More than one motherly viewer who has seen her in TV plays has telephoned Ursula Howells to advise her how to get some happiness into her life. She has had to play so many neurotic, ill-treated women, that some viewers have convinced themselves that she must be unhappy in real life!

She is, however, happily married to an industrial consultant; and the only time she gets anywhere near “the mopes” is when his business takes him abroad and she is missing him.

Despite her run of tragic TV parts, she says she is very happily “at home” at Lime Grove. She has worked so much in TV that she finds the job like working among friends. Even the dingy rehearsal rooms she likes, as familiar places, full of the memories of other happy occasions in preparing previous plays.
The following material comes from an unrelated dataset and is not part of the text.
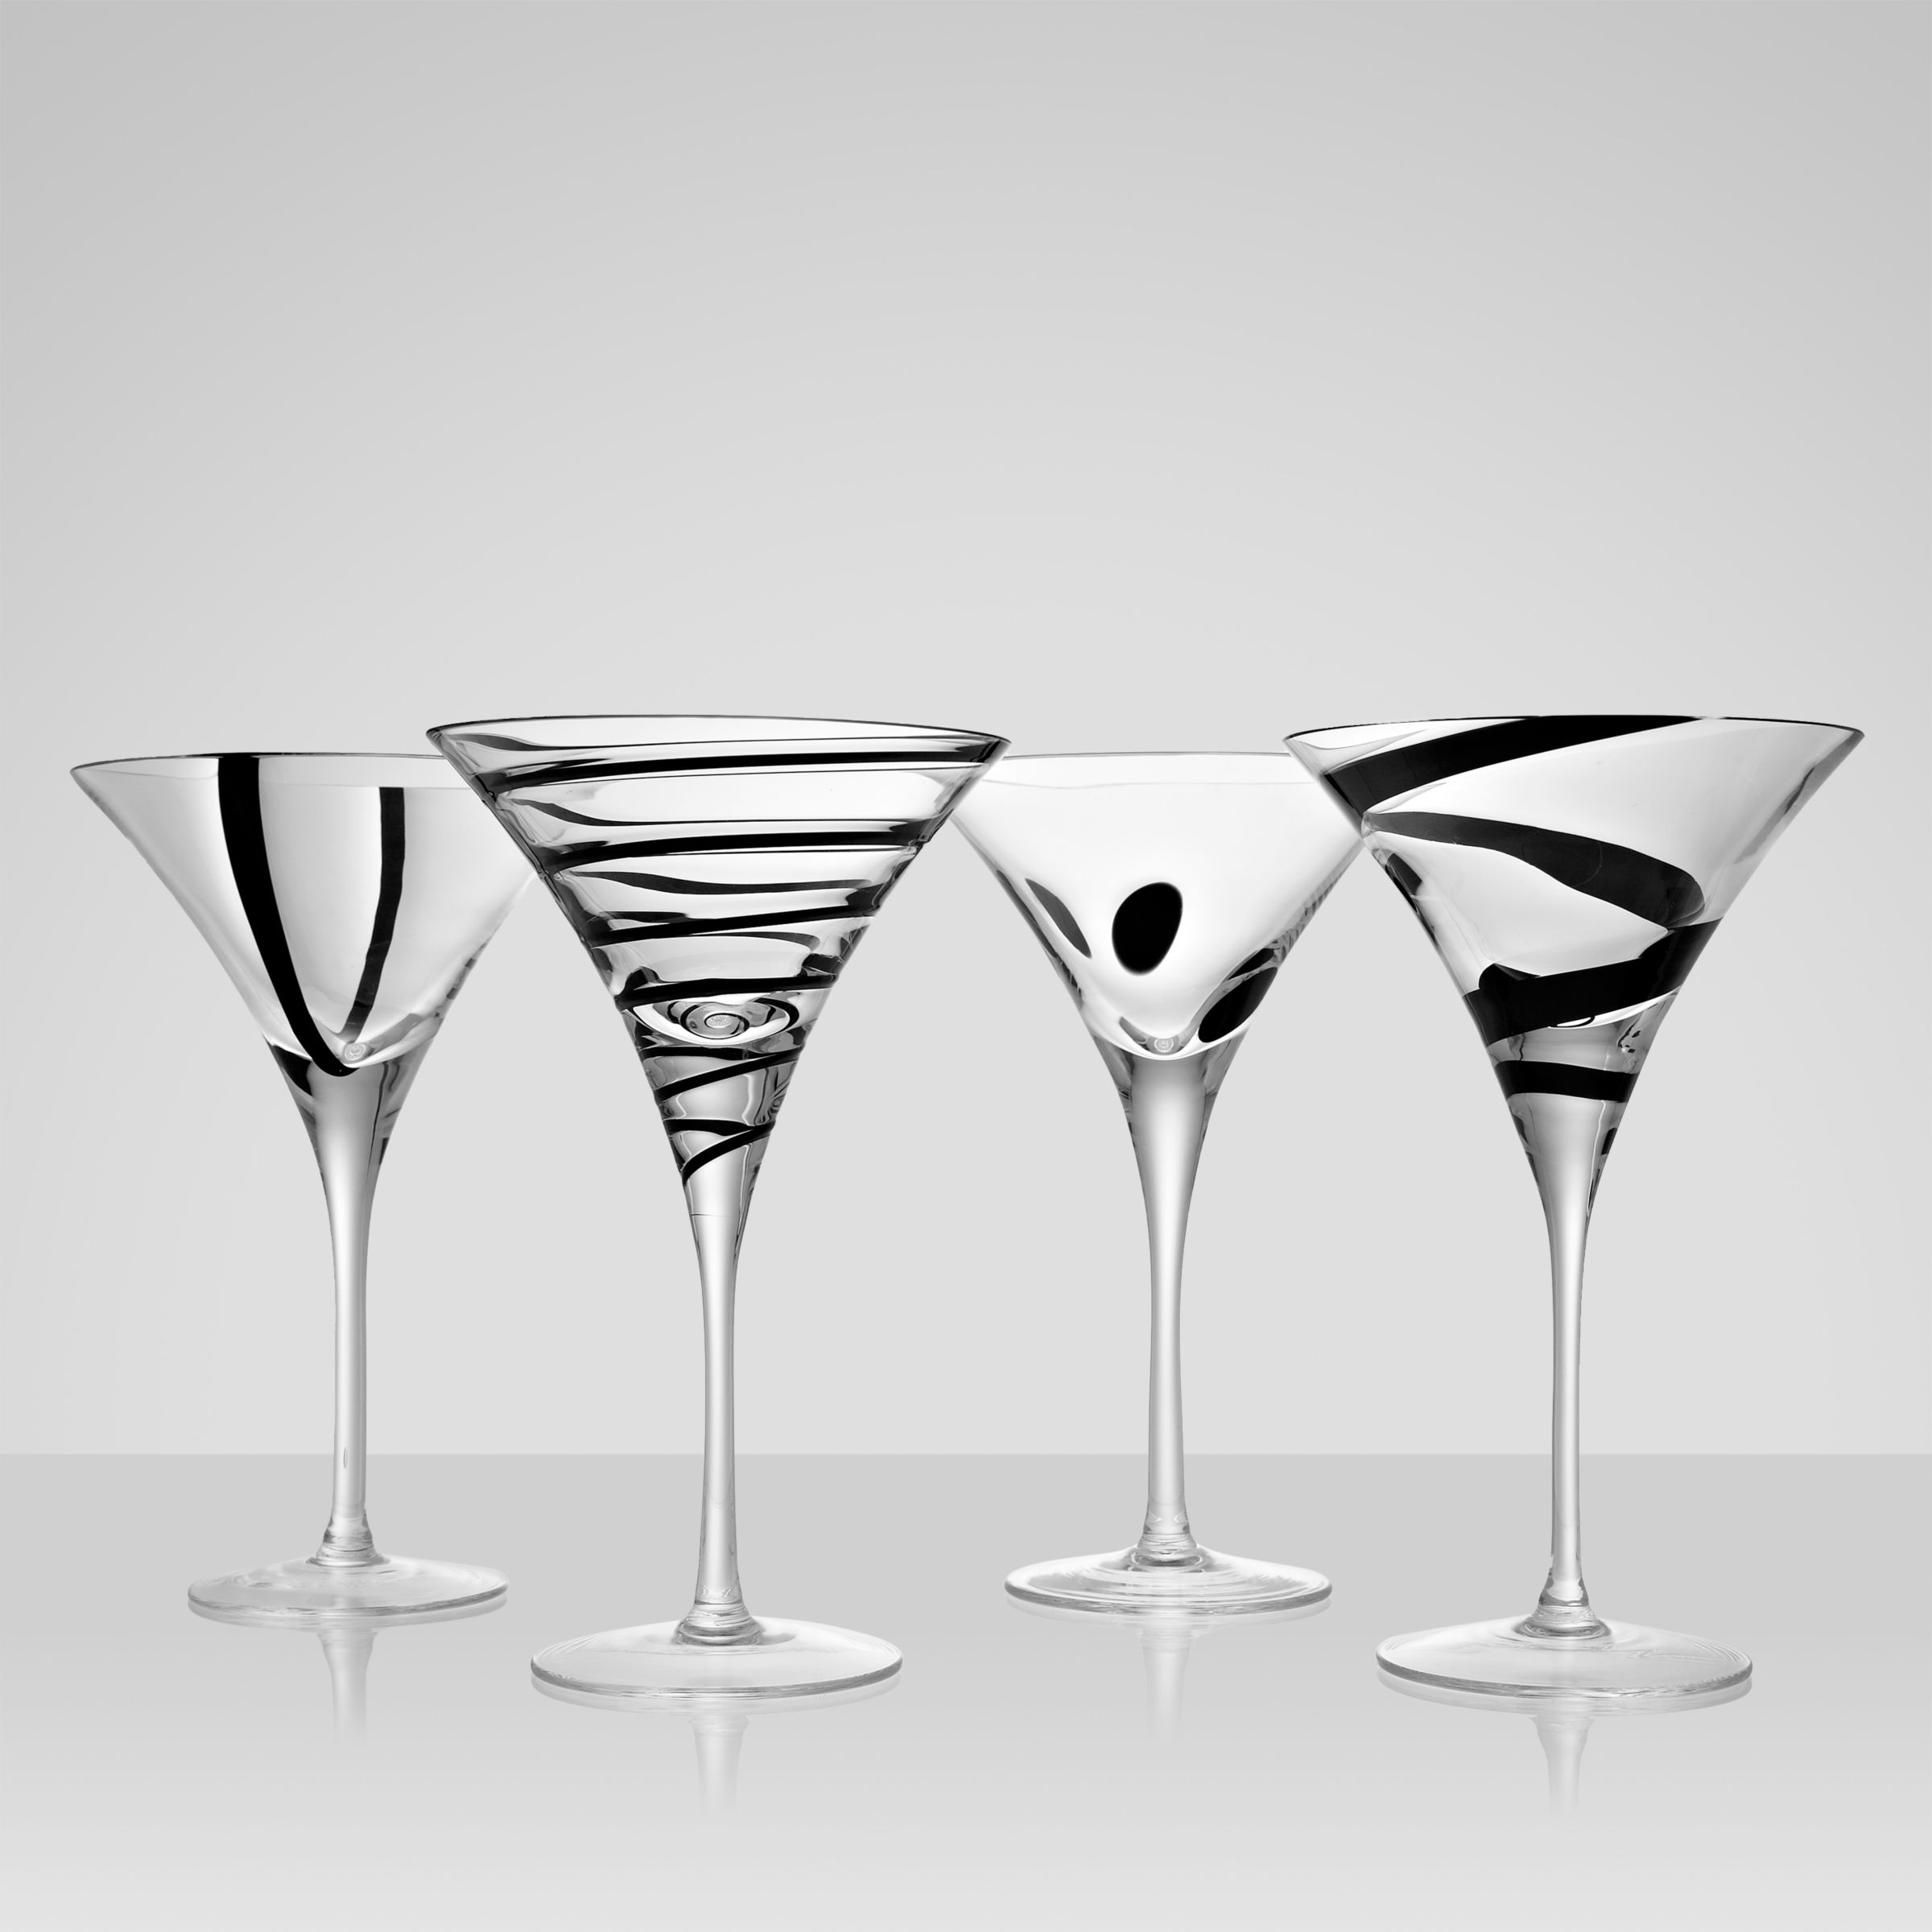 Lsa International Jazz Cocktail Glasses Set Of 4 Black At John Lewis And Partners

It was the theatre, however, that gave Ursula her TV debut. That was when a West End theatre production of the play Frieda was taken to the Alexandra Palace studios. To this West End part Ursula had come by dint of hard work in the provinces.

At the time of evacuation in the last war, Herbert Howells, Ursula s famous composer father, decided his daughter had best move from London to Dundee. The girl, hardly out of her teens, began to get back-stage jobs at the local repertory theatre. A chance came for her to start playing parts.

Then the producer Anthony Hawtrey went to Dundee, promoted Ursula to leads, and took her with him when he took over the management of that “shop-window” theatre in London, the Embassy.

Soon Frieda followed, then other West End parts, good supporting roles in films, and a string of TV parts. She went with Patrick Barr and Peter Cushing to Germany with the TV play Portrait of Peko, which the BBC “exported” to the German Radio Show.